Start of Block
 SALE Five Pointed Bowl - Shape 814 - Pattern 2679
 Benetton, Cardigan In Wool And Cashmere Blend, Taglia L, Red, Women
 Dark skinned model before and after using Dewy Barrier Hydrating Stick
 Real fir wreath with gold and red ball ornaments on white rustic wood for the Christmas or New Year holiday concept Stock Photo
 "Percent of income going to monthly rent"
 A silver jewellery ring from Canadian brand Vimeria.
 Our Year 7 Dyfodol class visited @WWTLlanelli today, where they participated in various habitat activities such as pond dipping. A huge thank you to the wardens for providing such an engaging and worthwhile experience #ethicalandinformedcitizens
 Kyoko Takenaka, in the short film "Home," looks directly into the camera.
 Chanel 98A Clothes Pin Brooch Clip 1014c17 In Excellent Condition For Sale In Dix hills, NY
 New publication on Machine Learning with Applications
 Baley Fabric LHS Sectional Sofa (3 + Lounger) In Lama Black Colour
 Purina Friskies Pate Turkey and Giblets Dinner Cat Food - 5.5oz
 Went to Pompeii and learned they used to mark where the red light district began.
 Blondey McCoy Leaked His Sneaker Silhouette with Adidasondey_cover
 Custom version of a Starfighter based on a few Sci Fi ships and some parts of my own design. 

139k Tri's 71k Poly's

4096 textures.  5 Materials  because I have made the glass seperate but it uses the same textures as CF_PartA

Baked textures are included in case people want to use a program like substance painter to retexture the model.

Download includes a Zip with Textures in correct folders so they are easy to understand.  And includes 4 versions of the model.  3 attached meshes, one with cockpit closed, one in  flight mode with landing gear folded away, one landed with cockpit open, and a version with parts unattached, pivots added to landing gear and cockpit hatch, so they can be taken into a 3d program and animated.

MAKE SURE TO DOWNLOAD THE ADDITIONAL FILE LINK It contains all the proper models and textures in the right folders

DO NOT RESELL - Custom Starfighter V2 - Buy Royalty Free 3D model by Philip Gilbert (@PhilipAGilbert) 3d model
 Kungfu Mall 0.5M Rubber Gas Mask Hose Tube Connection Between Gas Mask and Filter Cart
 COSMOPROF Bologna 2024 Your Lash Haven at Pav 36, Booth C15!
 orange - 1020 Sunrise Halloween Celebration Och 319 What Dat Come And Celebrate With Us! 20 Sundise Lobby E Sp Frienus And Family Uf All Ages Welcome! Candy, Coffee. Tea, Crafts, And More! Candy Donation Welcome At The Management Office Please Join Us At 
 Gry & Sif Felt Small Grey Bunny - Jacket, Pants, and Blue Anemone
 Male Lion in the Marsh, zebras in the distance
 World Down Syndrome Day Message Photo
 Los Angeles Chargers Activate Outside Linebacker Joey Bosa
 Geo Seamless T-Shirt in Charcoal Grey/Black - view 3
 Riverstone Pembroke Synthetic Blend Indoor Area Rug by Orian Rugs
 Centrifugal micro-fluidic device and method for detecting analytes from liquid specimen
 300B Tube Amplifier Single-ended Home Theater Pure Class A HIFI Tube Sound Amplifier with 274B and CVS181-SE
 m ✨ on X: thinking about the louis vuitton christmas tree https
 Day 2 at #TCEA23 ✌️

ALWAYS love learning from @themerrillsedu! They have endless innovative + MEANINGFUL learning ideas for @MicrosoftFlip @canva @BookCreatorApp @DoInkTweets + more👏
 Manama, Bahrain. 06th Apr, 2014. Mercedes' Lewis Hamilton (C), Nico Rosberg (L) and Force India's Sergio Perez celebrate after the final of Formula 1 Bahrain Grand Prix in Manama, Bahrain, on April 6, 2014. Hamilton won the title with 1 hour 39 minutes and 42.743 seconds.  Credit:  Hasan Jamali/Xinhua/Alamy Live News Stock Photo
End of Block
• **WORK ORDER**: Give back the entries above exactly as they are, from their first line through the line that contains "Chanel 98A Clothes", both included, with nothing else.

• **ANSWER SECTION**:
 SALE Five Pointed Bowl - Shape 814 - Pattern 2679
 Benetton, Cardigan In Wool And Cashmere Blend, Taglia L, Red, Women
 Dark skinned model before and after using Dewy Barrier Hydrating Stick
 Real fir wreath with gold and red ball ornaments on white rustic wood for the Christmas or New Year holiday concept Stock Photo
 "Percent of income going to monthly rent"
 A silver jewellery ring from Canadian brand Vimeria.
 Our Year 7 Dyfodol class visited @WWTLlanelli today, where they participated in various habitat activities such as pond dipping. A huge thank you to the wardens for providing such an engaging and worthwhile experience #ethicalandinformedcitizens
 Kyoko Takenaka, in the short film "Home," looks directly into the camera.
 Chanel 98A Clothes Pin Brooch Clip 1014c17 In Excellent Condition For Sale In Dix hills, NY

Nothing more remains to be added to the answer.